This syntax allows one to easily edit python code in the notebook while running the cell as a script. Note that all the notebook variables can not be accessed by the cell in this context.


### **CIFAR-10**

CIFAR-10 is a lightweight dataset, which comprises 60000 images of 32x32 pixels labeled into 10 classes. 50000 images are used to train supervised learning models, with 5000 examples for each class, and 10000 images are used for testing trained models, with 1000 examples for each class.

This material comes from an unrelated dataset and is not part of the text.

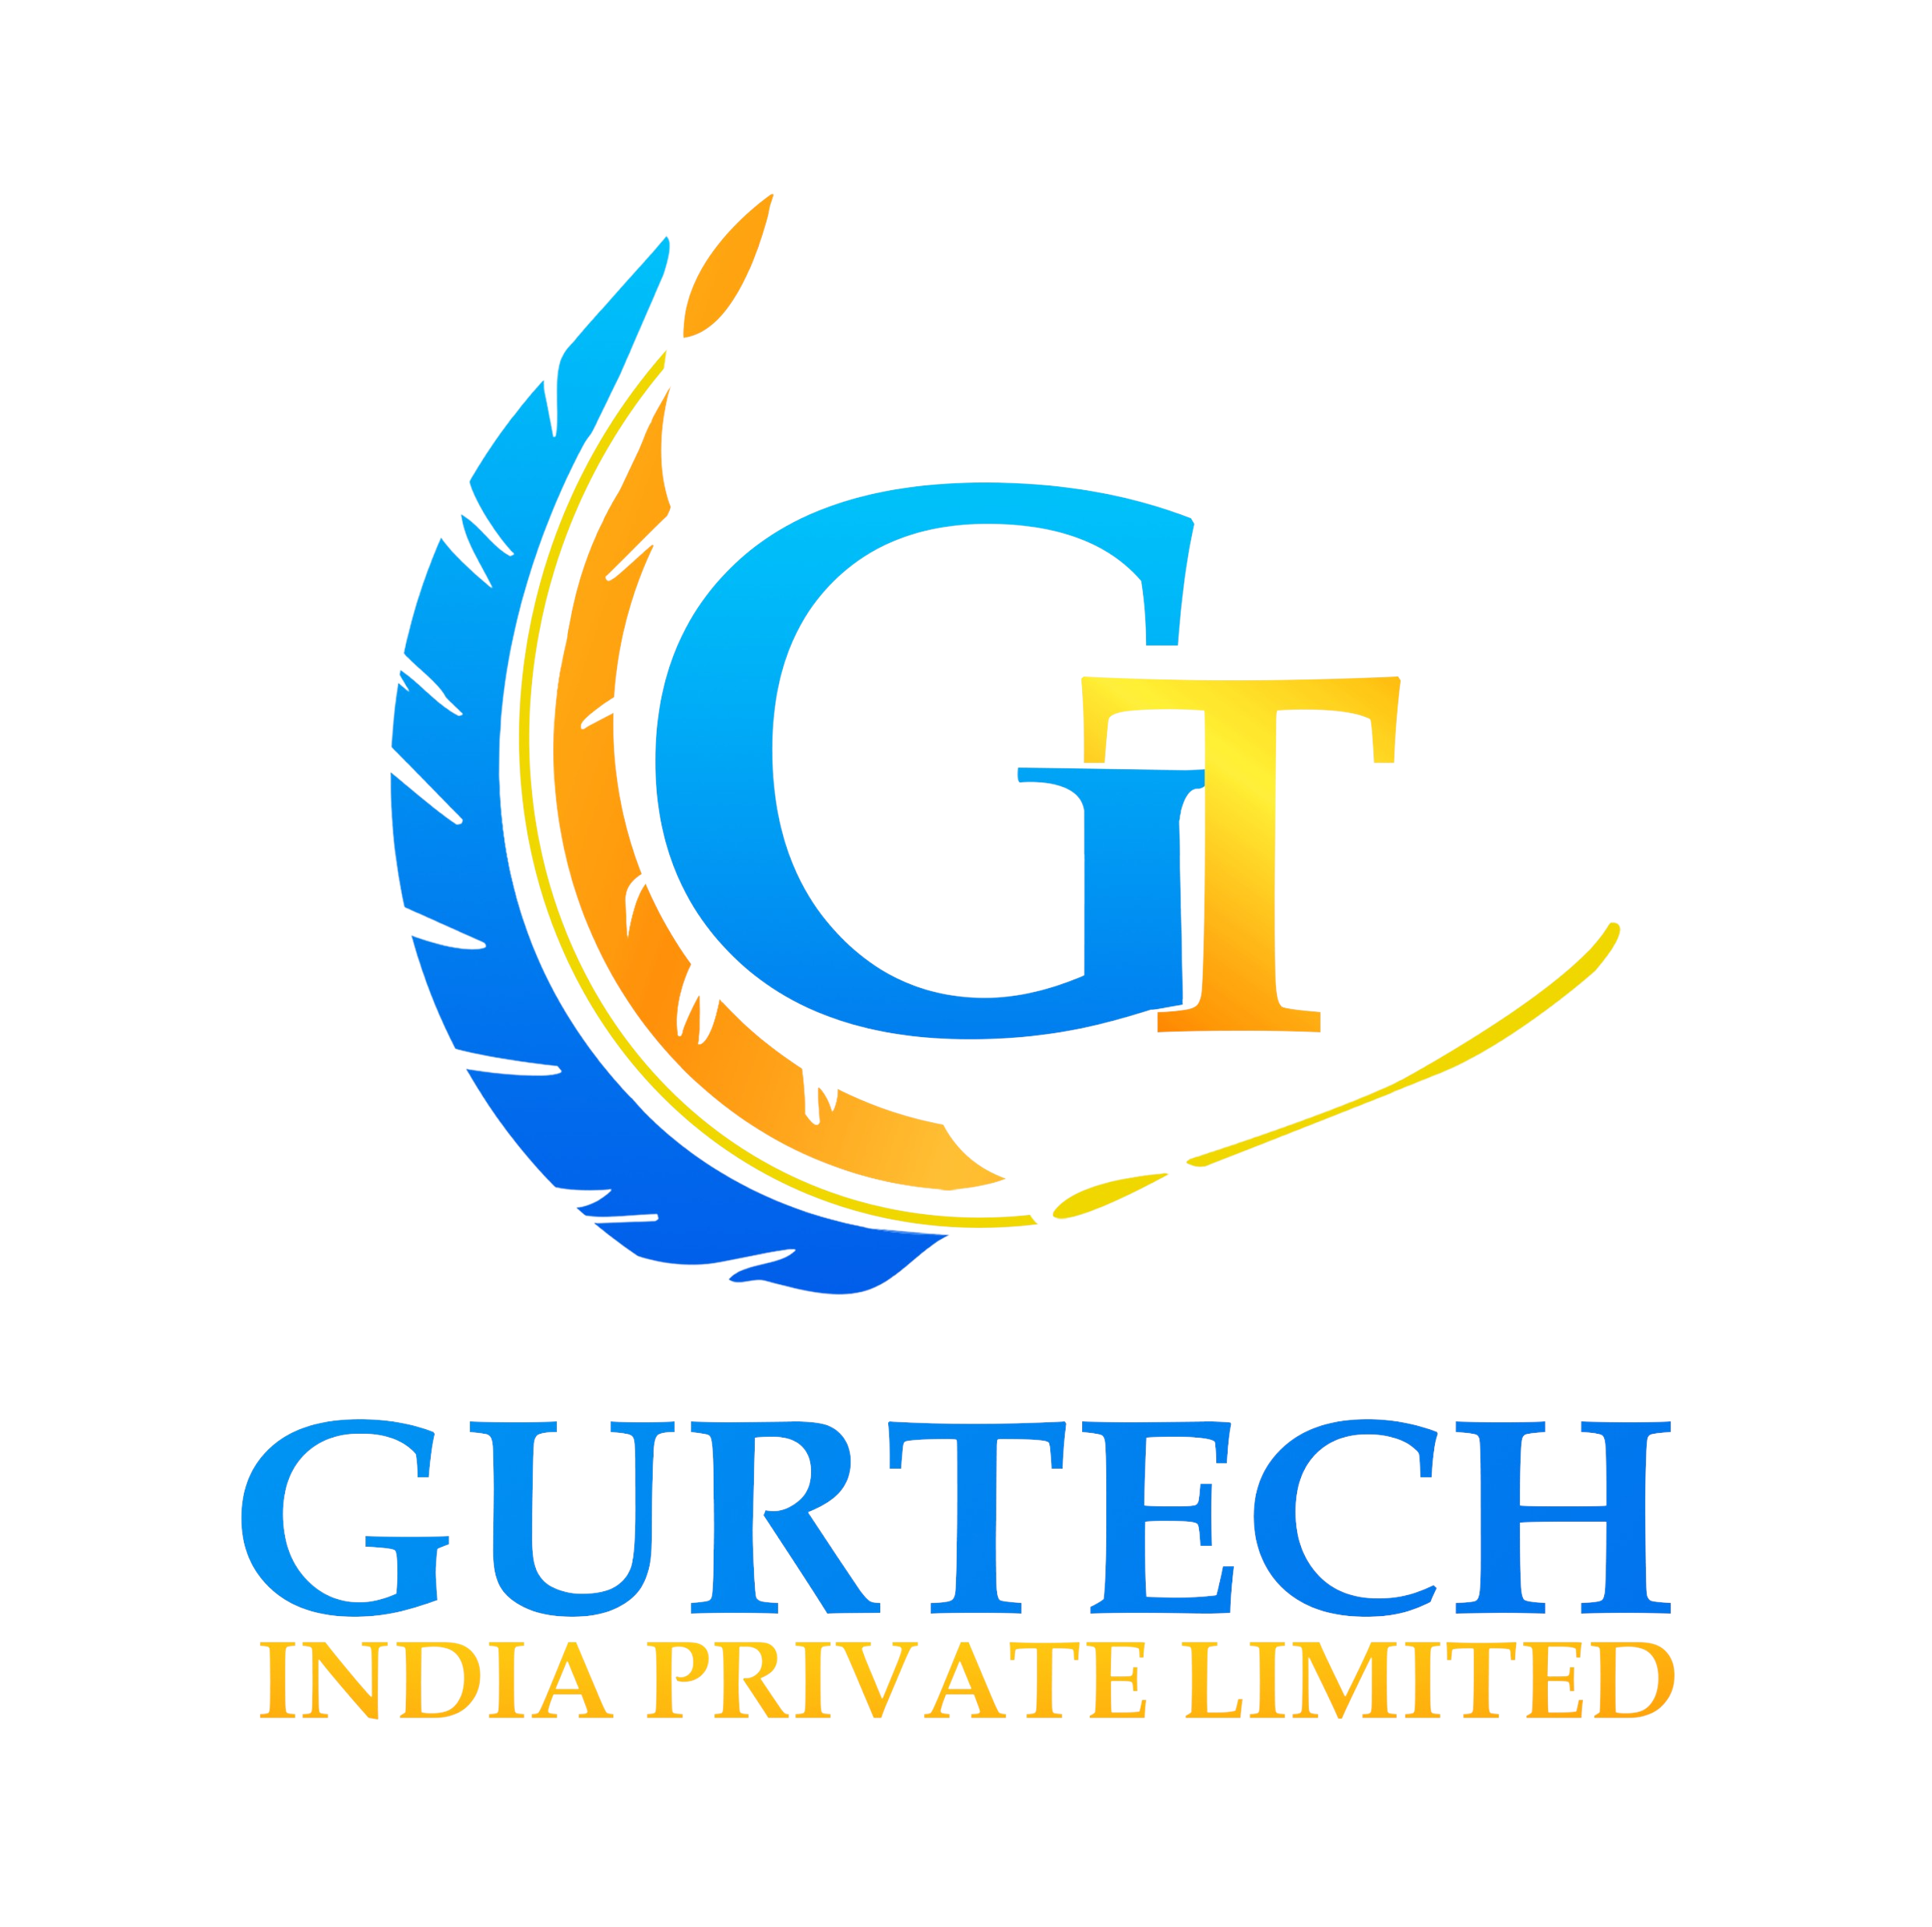 Gurtech India Private Limited

#### Downloading and visualizing the data


We start by downloading and visualizing the raw data.

In [None]:
%%shell

cd /content

wget https://www.cs.toronto.edu/~kriz/cifar-10-python.tar.gz
tar -xzf cifar-10-python.tar.gz

In [None]:
%cd /content/

import os, glob
import matplotlib.pyplot as plt
import numpy as np
import pickle

def unpickle(file):
    with open(file, 'rb') as fo:
        dict = pickle.load(fo, encoding='bytes')
    return dict

image_size = 32
nb_class = 10

v_width = 8; v_height = 5
nb_images = v_width*v_height

f_im_s = image_size*image_size*3

batches_meta = unpickle("cifar-10-batches-py/batches.meta")
class_list = batches_meta[b"label_names"]

dict_batch = unpickle(glob.glob("cifar-10-batches-py/data_batch_*")[0])
data = dict_batch[b"data"]
labels = dict_batch[b"labels"]

fig, ax = plt.subplots(v_height, v_width, figsize=(v_width*1.5,v_height*1.5), dpi=200, constrained_layout=True)

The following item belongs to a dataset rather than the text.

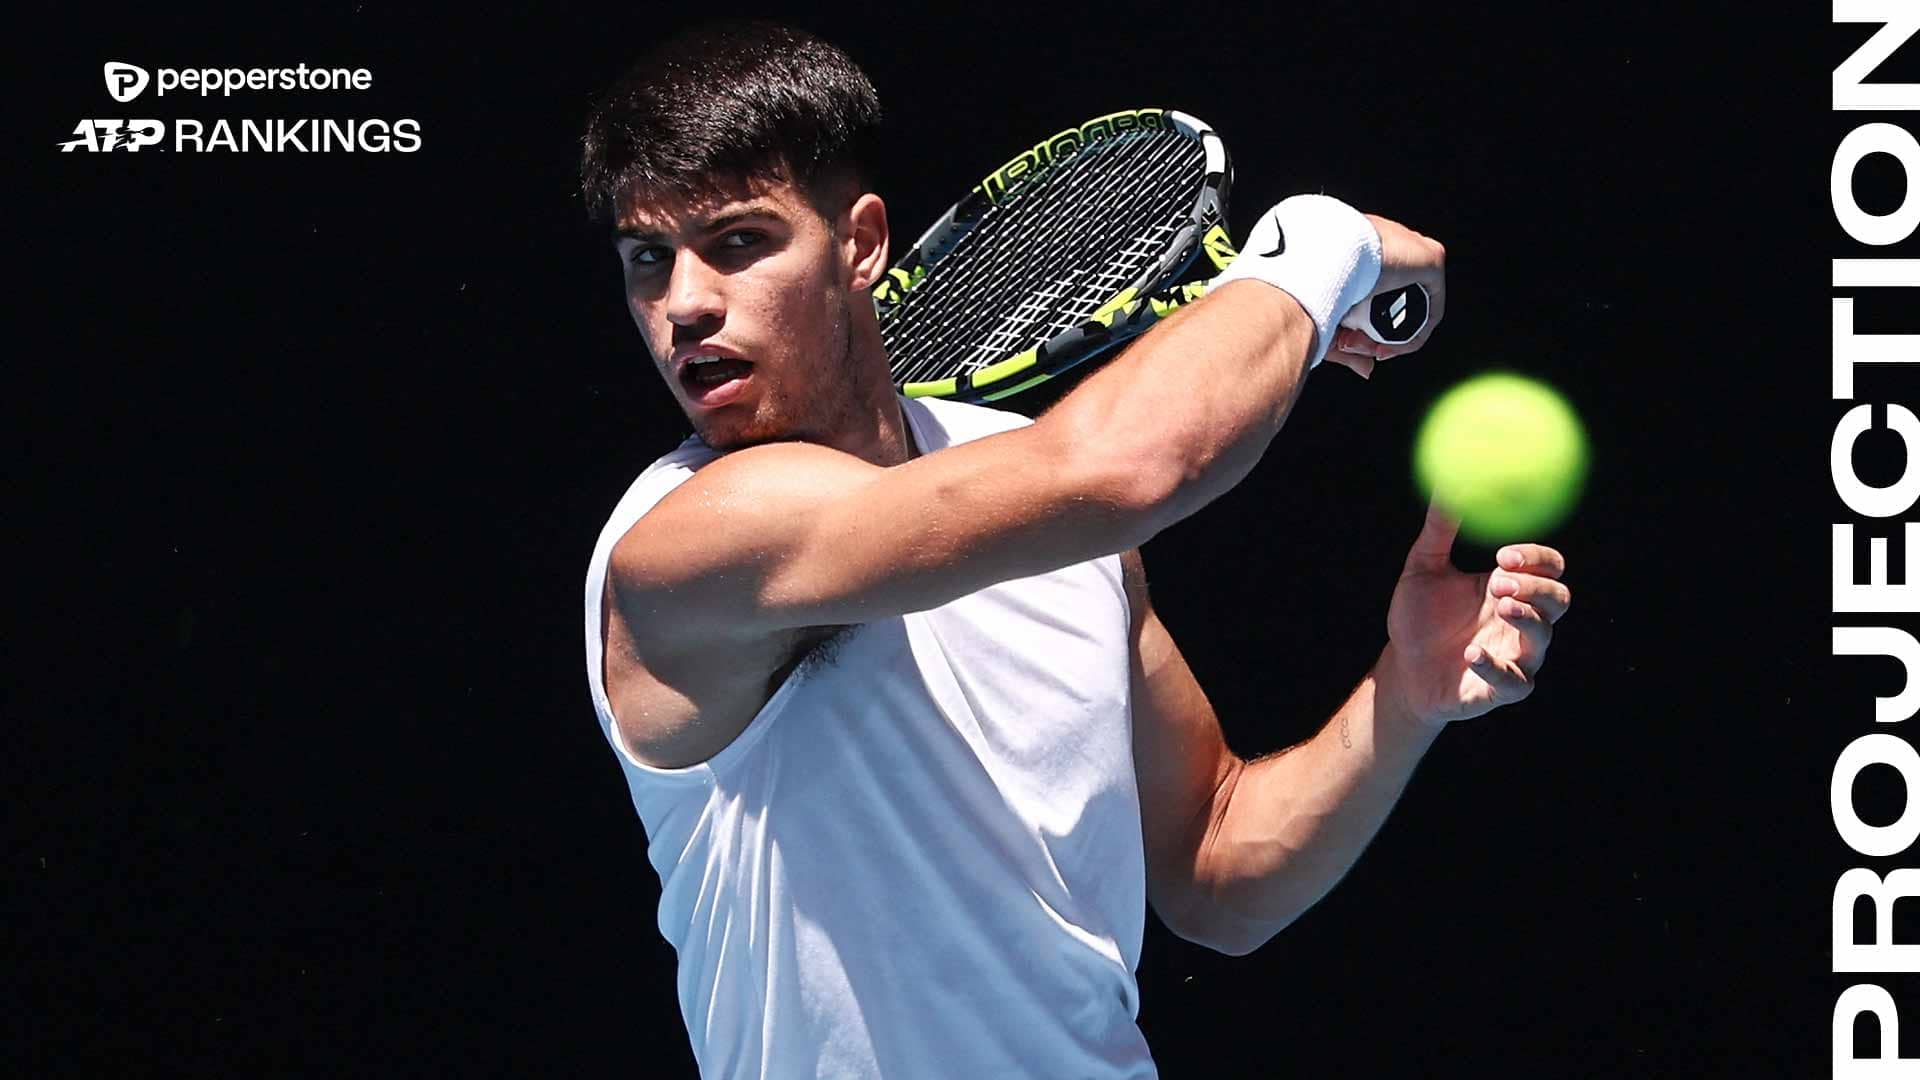 Carlos Alcaraz will return to World No. 1 with a title at the Australian Open.

for i in range(0, v_width*v_height):
  c_x = i // v_width; c_y = i % v_width
  img_flat = data[i,:]
  patch = np.zeros((image_size, image_size, 3), dtype="uint8")
  for depth in range(0,3):
    patch[:,:,depth] = np.reshape(img_flat[depth*image_size*image_size:(depth+1)*image_size*image_size], (image_size, image_size))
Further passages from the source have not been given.